Writer/director Matthew Vaughn has been at the helm of all three of these movies and his off-beat sense of humor and gonzo action sensibilities have served him well each time, as long as you don’t let yourself think too much about it.

This origin story takes place during World War I where Orlando Oxford (Ralph Fiennes), a retired officer and member of the British aristocracy, wants nothing more than to shield his adult son Conrad (Harris Dickinson) from the horrors of war.

To that end, he enlists the help of his more-than-meets-the-eye domestic staff made up of crack-shot nanny Polly (Gemma Arterton) and battle-tested valet Shola (Djimon Honsou).

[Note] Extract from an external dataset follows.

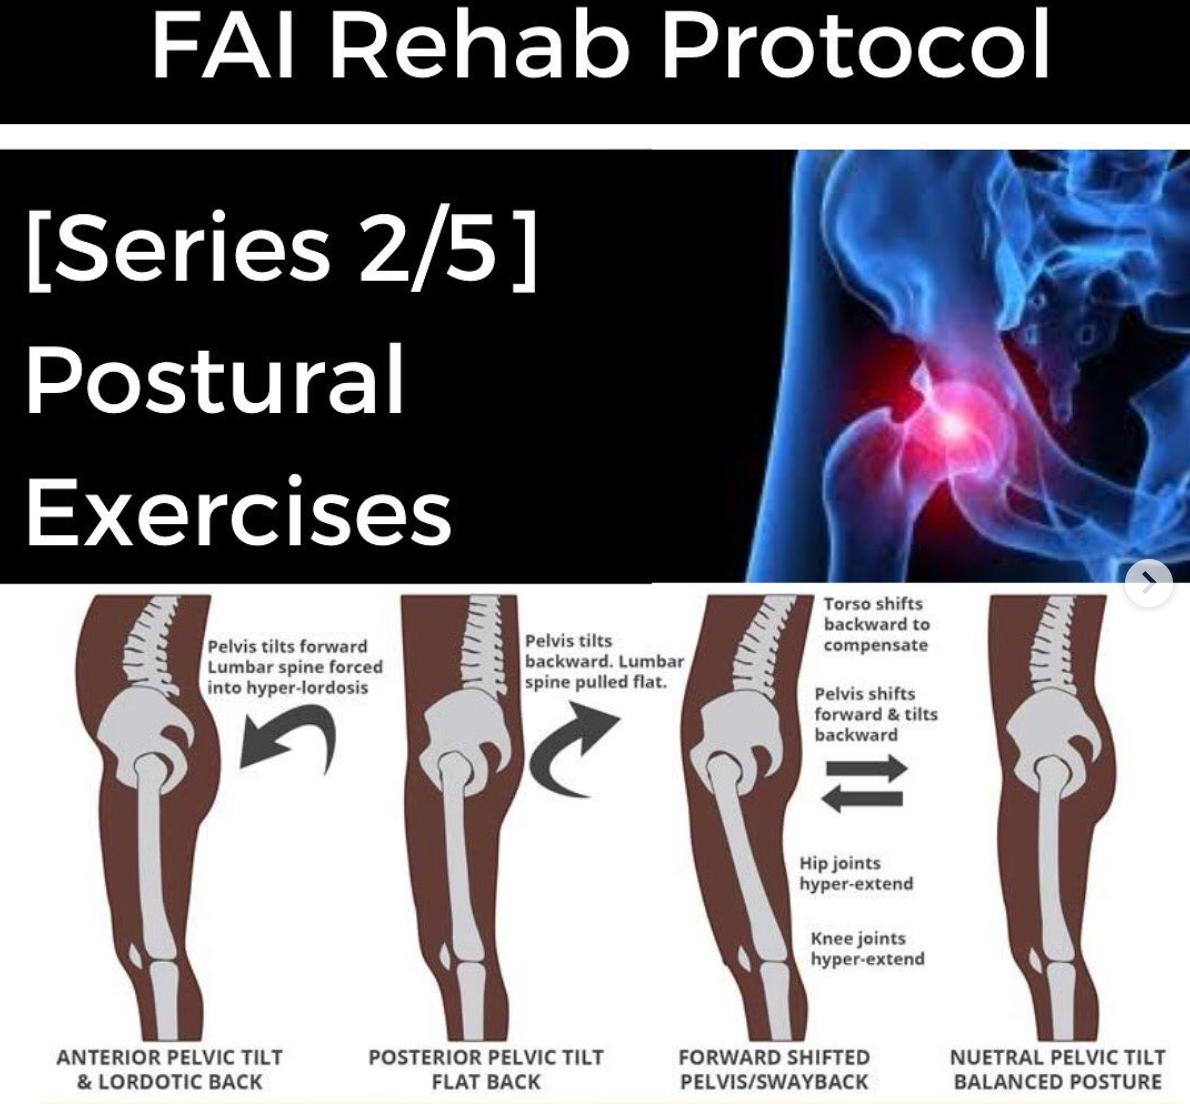 FAI Rehab Protocol Part 2 - Postural Exercises - themanualtherapist.com

Opposing Orlando is a secret cabal of bad guys looking to fan the flames of war and bring Europe to its knees. The group has high-level advisers whispering bad advice to cousins Kaiser Wilhelm, Czar Nicholas and King George (all played by Tom Hollander employing varying degrees of accents and facial hair.)

The most formidable of these baddies is Rasputin (Rhys Ifans) and his confrontation with Orlando and his team is as outrageously over the top as one has come to expect from these movies.

“The King’s Man” is historically accurate to a surprising degree as Vaughn does an impressive job of laying out the political climate in Europe during the war and he employs real-life events like the assassination of Archduke Franz Ferdinand and the Zimmerman Telegram as key plot points. Also, one brief time-lapse scene shows the idyllic French countryside being transformed into bombed out No Man’s Land in one of the best illustrations I’ve ever seen of how the war changed the physical shape of the European landscape.

Does this movie have problems? You bet it does! It’s way too long and there are some stretches where it takes itself a little too seriously. But Fiennes is dependably great and as long as the action and thrills are in the foreground, “The King’s Man” is all the silly fun you’ve come to expect from this series.

And with things set up nicely for a prequel sequel, you can expect the king’s men to be hard at work into the future.

“The King’s Man” is rated R for sequences of strong/bloody violence, language and some sexual material.